Would you reproduce each line below exactly, leaving every picture out?

- _Supplied material_
>>

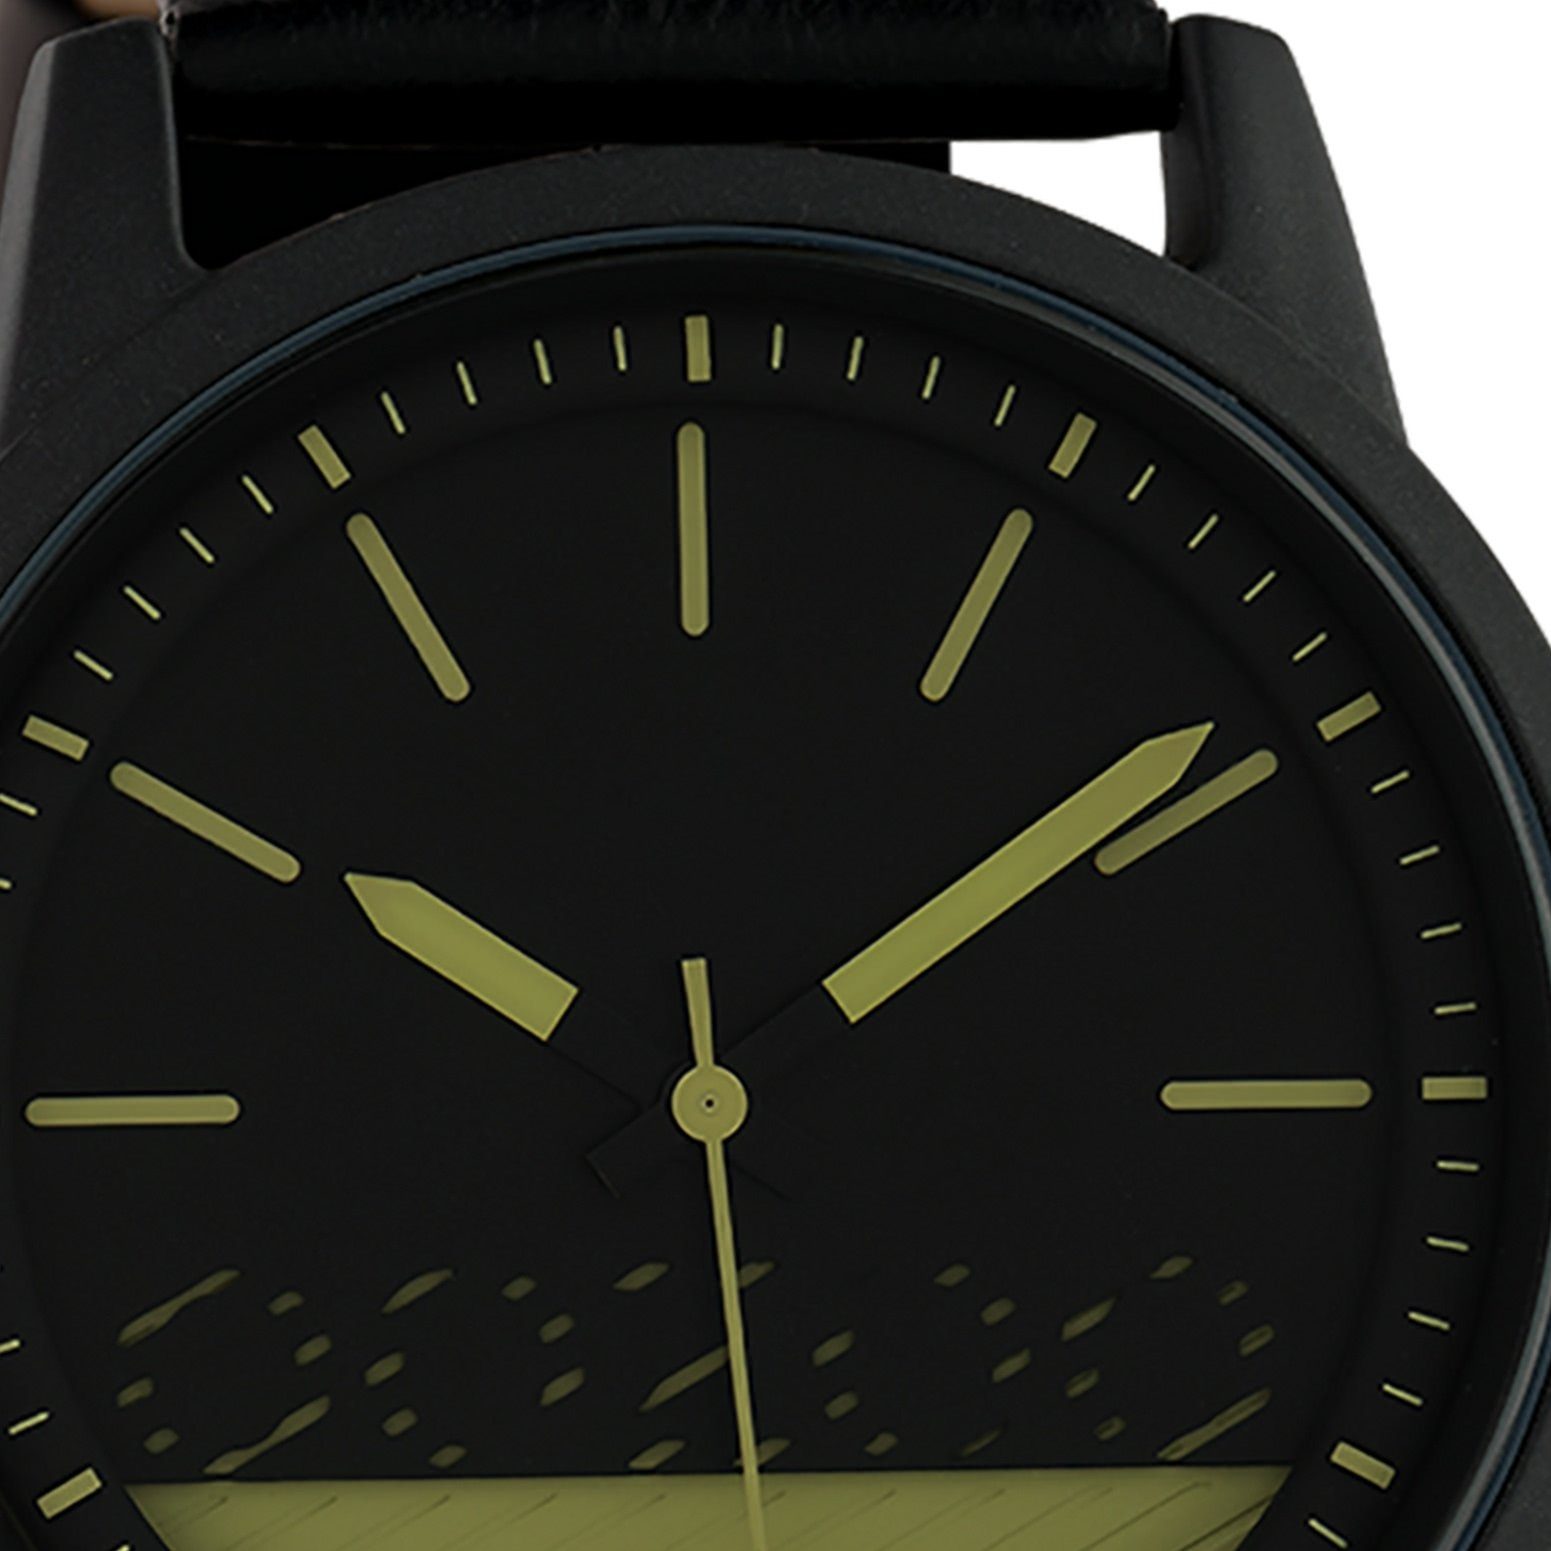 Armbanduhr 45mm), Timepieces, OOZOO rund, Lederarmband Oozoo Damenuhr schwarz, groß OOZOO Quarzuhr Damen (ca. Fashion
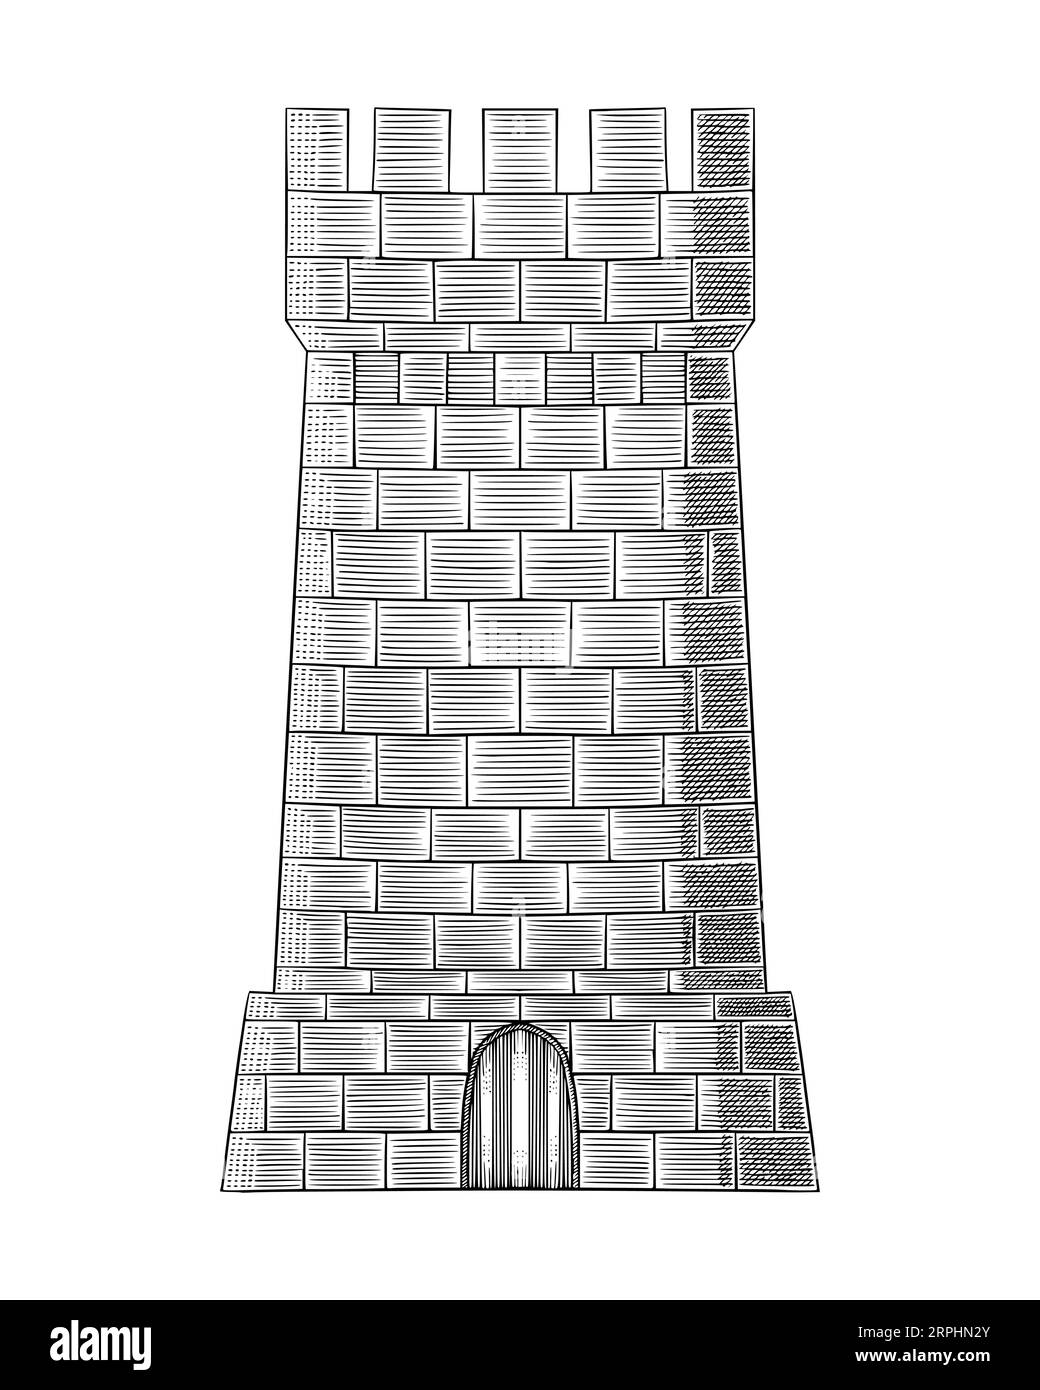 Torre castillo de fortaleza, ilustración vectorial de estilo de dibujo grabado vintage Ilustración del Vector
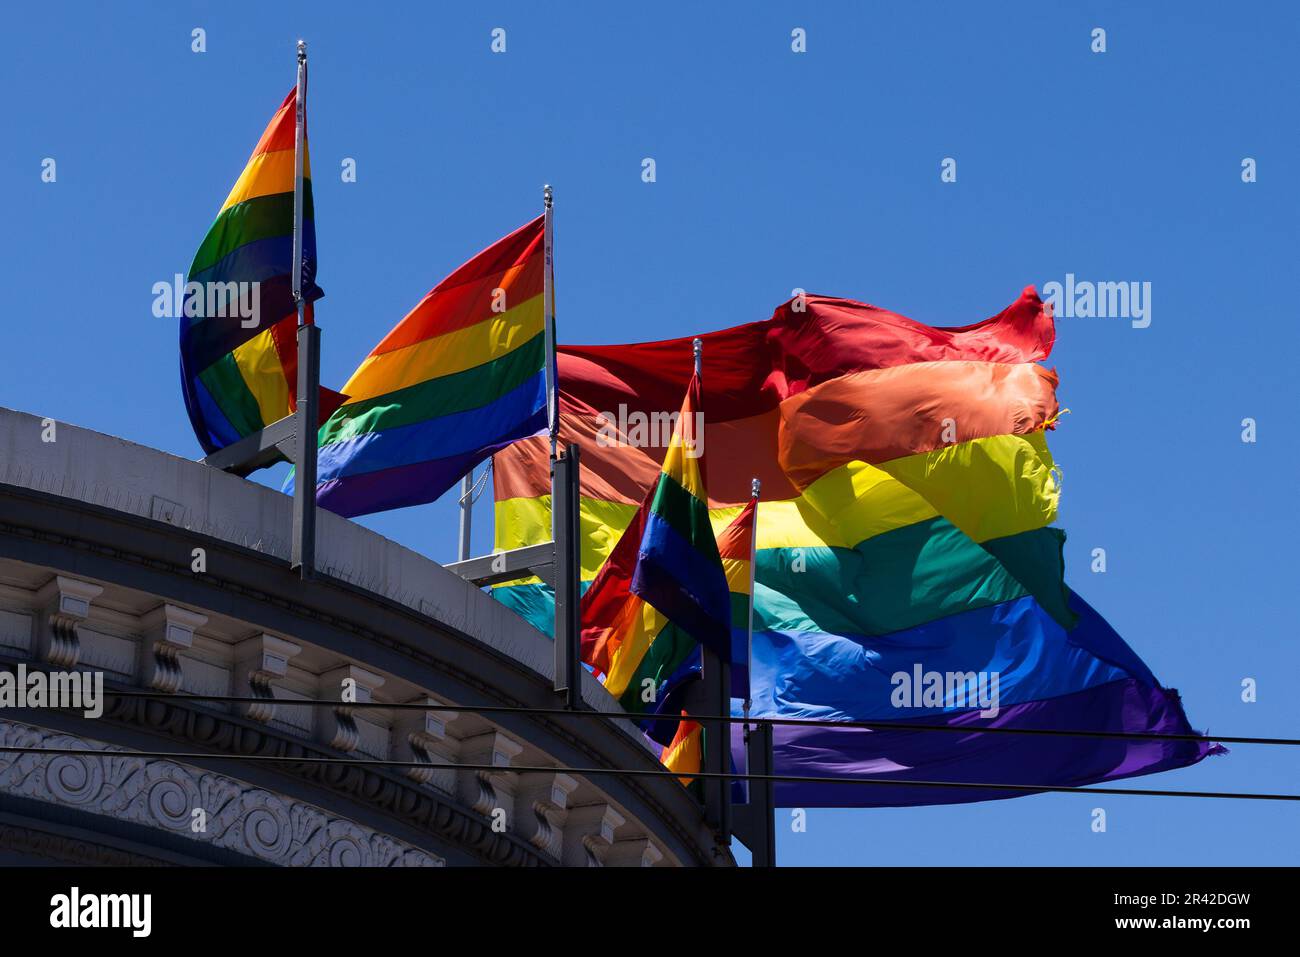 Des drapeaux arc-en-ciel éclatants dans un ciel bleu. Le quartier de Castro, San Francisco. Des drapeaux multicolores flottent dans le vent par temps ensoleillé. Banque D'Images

<<

- _Your response_
 Armbanduhr 45mm), Timepieces, OOZOO rund, Lederarmband Oozoo Damenuhr schwarz, groß OOZOO Quarzuhr Damen (ca. Fashion
 Torre castillo de fortaleza, ilustración vectorial de estilo de dibujo grabado vintage Ilustración del Vector
 Des drapeaux arc-en-ciel éclatants dans un ciel bleu. Le quartier de Castro, San Francisco. Des drapeaux multicolores flottent dans le vent par temps ensoleillé. Banque D'Images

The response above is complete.